An immigrant is a foreign national who has been authorized to live and work permanently in the United States. To become an immigrant through an employment opportunity in the United States, there is a multi-step process:

  1. Most employment categories require that the U.S. employer complete the PERM Labor Certification process through the US Department of Labor (USDOL) to establish that there are no qualified, willing or able U.S. workers for the position and that the employer will pay an appropriate salary when the foreign national is granted permanent residence. There are categories that waive the labor certification requirement such as National Interest Waiver, Extraordinary Ability, Outstanding Professor of Researcher, etc.

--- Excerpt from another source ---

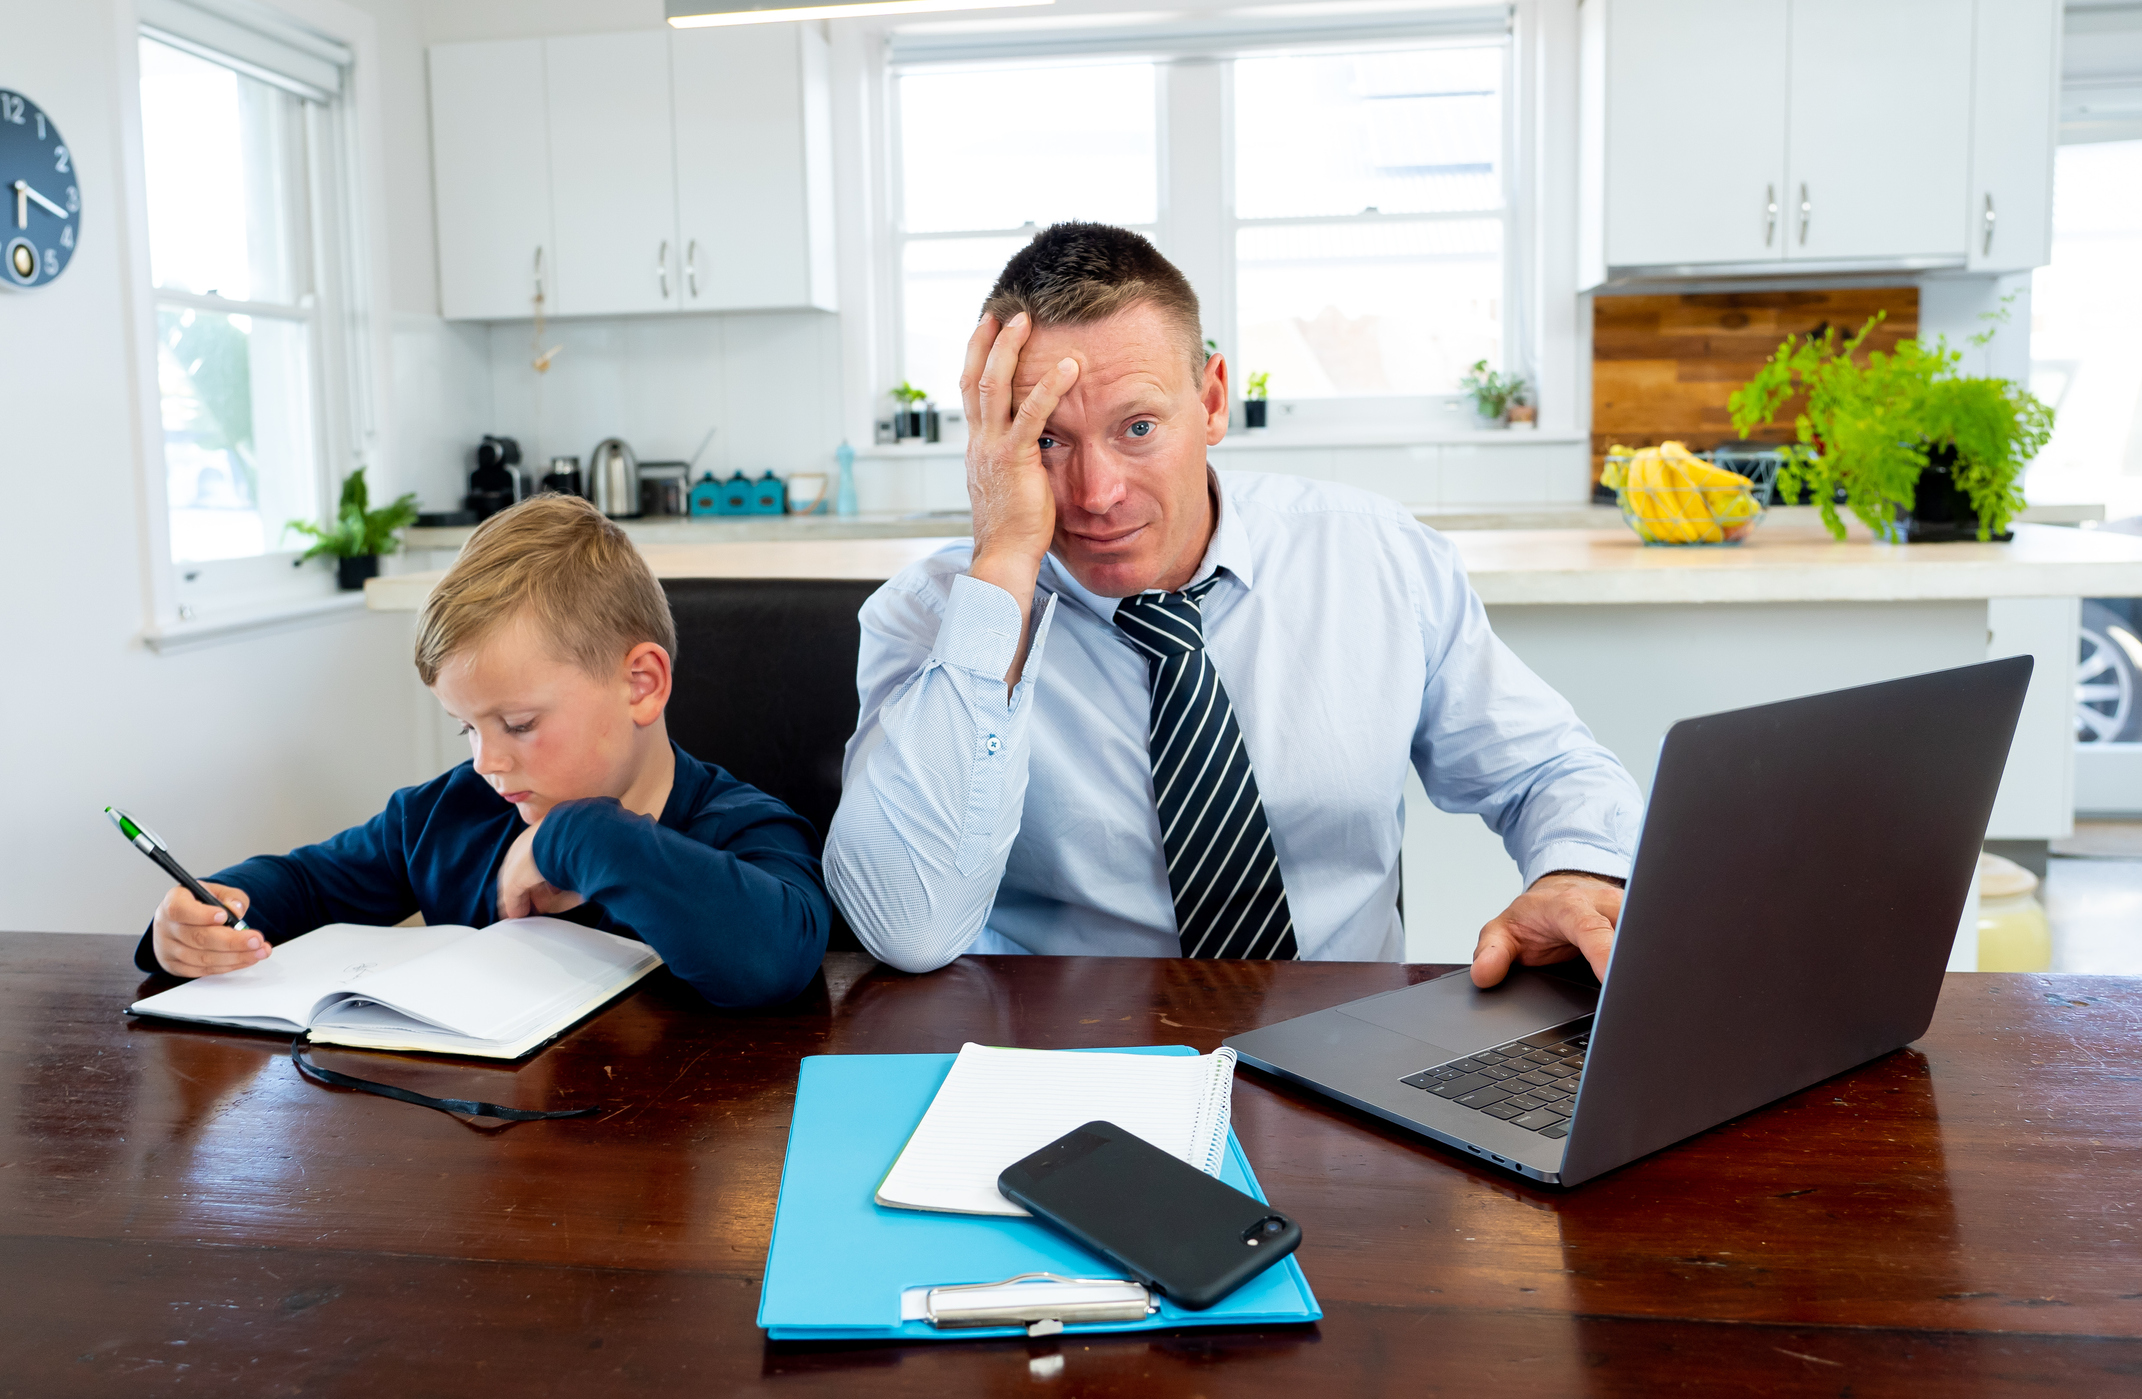 Stressed parent dealing with work from home and home schooling

  2. USCIS must approve an immigrant visa petition (Form I-140) for the person wishing to immigrate to the United States.  Some applications require a permanent position and others do not.  Some require the employer to petition for permanent resident status, while other categories allow the individual to file without an employer sponsor.
  3. The State Department must give the applicant an immigrant visa number, even if the applicant is already in the United States. When the applicant receives an immigrant visa number, it means that an immigrant visa has been assigned to the applicant. Sometimes, there is a long waitlist for an immigrant visa number to become available because there are too many people applying for immigrant visas in that category each year.
  4. If the applicant is already in the United States, he or she must apply to adjust status to become a permanent resident (Form I-485 Adjustment of Status) once a visa number becomes available.  If the applicant is outside the United States when an immigrant visa number becomes available, he or she will be notified and must complete the process at a U.S. consulate office abroad.

The United States allows approximately 140,000 immigrants each year to be granted permanent residence through their intended employment in the U.S.